If you haven’t already, you can read some of my other writing on women and Christianity by clicking this link.
*Slightly off topic, but I feel compelled to address the issue of men as protectors a little more. I have had men react very strongly to the ideas I’m explaining here. For some men, being a protector is part of their identity and seen as one of their primary purposes in life. When I have challenged the idea of husband as protector, they felt personally attacked and diminished. So let me be clear: I think that men who view themselves as protectors can be a wonderful, Godly thing. Especially men who feel called and compelled to stand up for those who are too weak to stand up for themselves. I in no way mean to say that this impulse and virtue in men is bad.
However, a willingness to protect is in no way primarily a male virtue. This is shown in scripture where God describes himself as a protective mother bear or mother eagle. As well as in our everyday lives where women are often fiercely protective of others. In fact, I have known several people who were raised with predatory men and always the mother was judged in the harshest terms for not protecting her children from the abuser. For all our talk about men as protectors, we have strong expectations that women be protectors as well.
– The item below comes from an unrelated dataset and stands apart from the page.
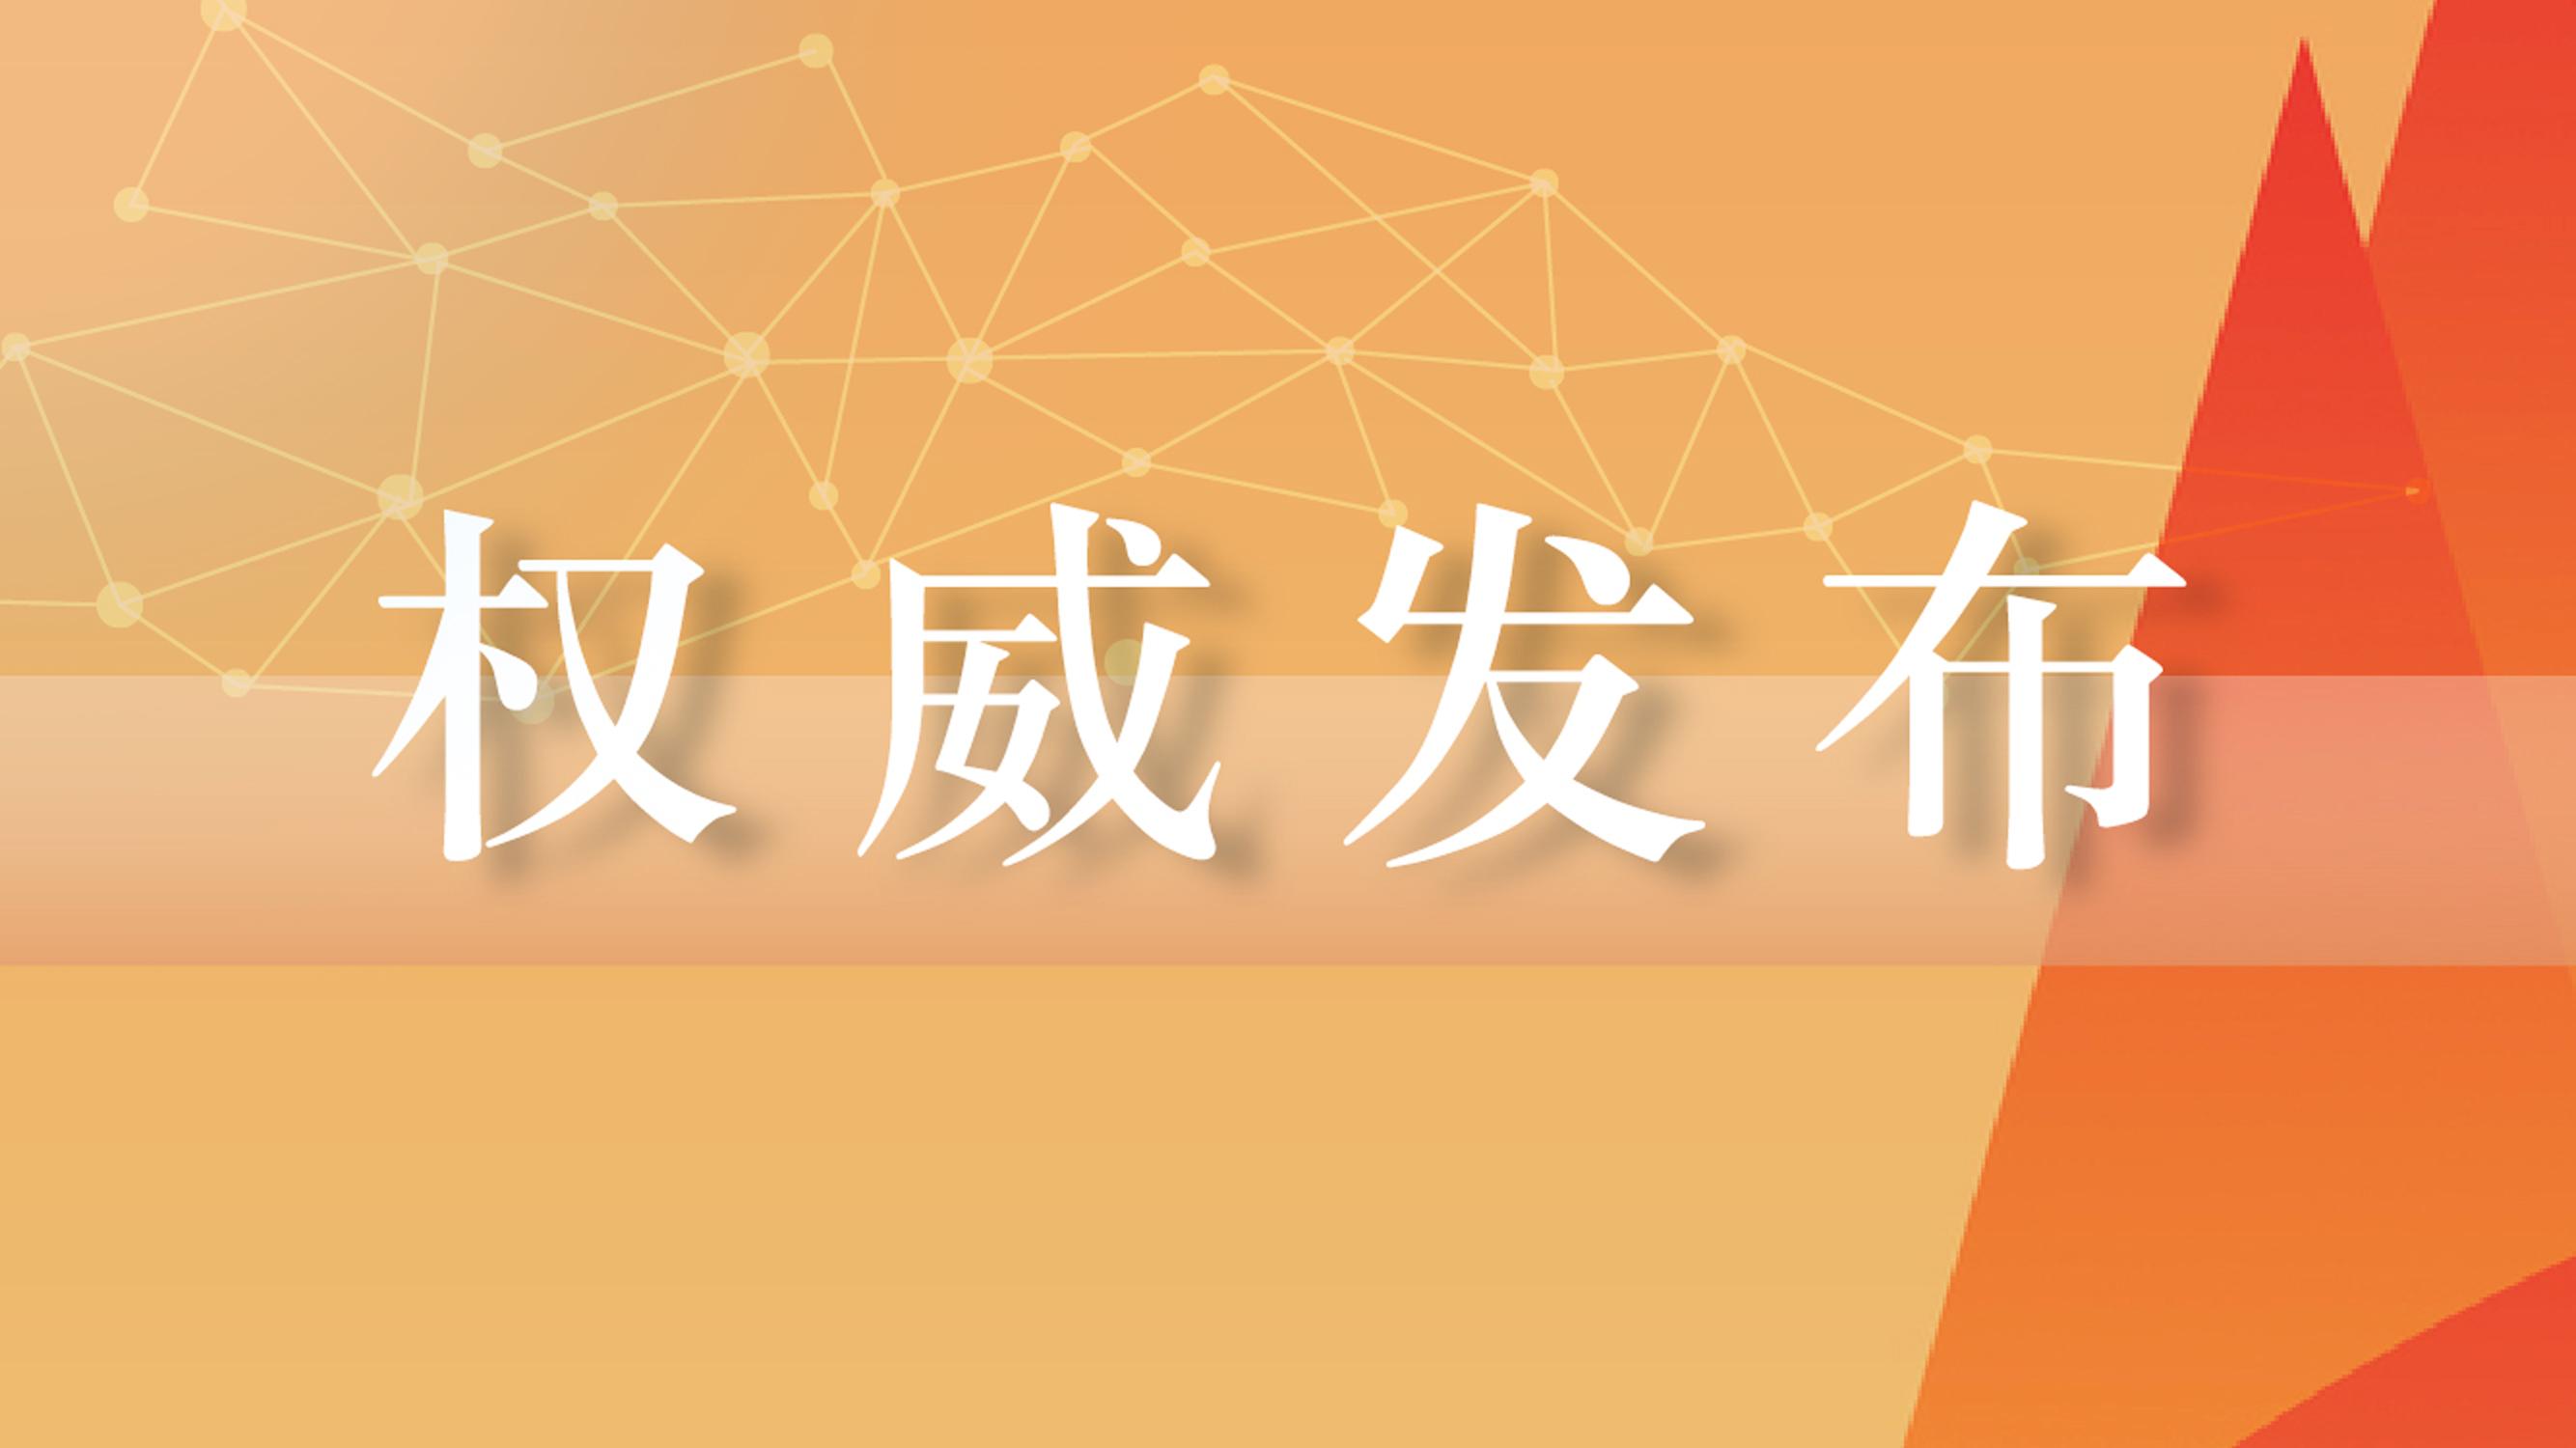 安岳县人大常委会原党组成员、副主任刘正华 严重违纪违法被开除党籍和公职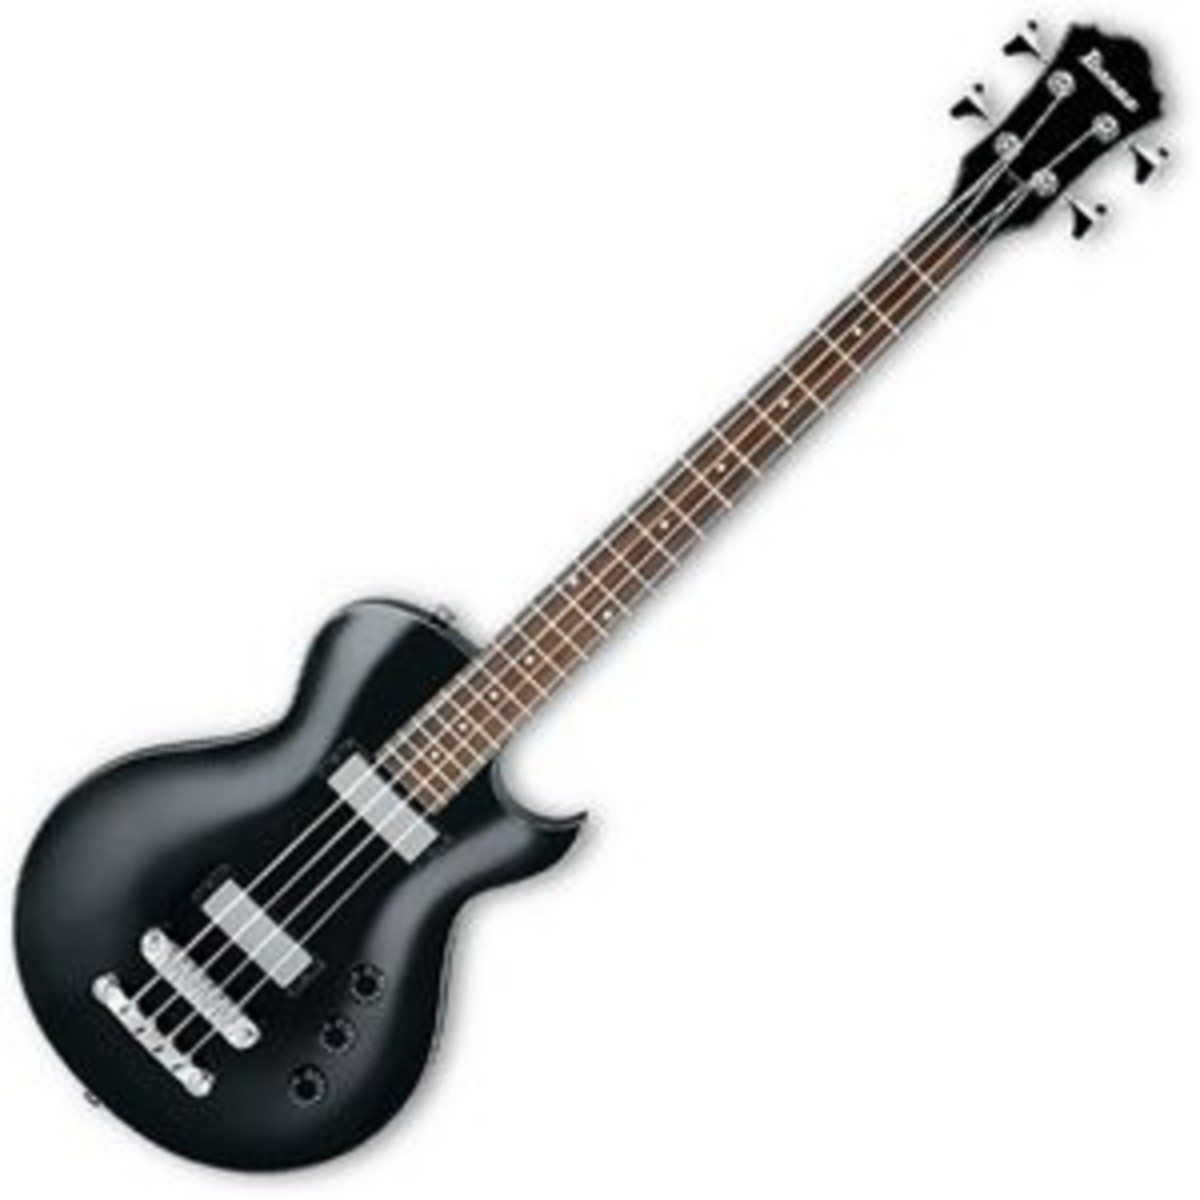 disc ibanez artb100 bass guitar black at. Black Bedroom Furniture Sets. Home Design Ideas

The problem we often run into with men as protectors is two fold. First of all, protection often becomes a justification for restricting the freedom and autonomy of the people being protected. In contrast, the model seen in scripture is primarily protection by driving away threatening forces so that the protected can live freely and unencumbered. Secondly, male protection has a tendency to fixate on physical safety to the exclusion of the daily need to protect hearts, spirits and even emotions from being crushed. As we see in scripture, Jesus wasn’t really concerned with the physical safety of his followers – he promised them death. But he was careful to protect them from the enemy who could destroy their souls.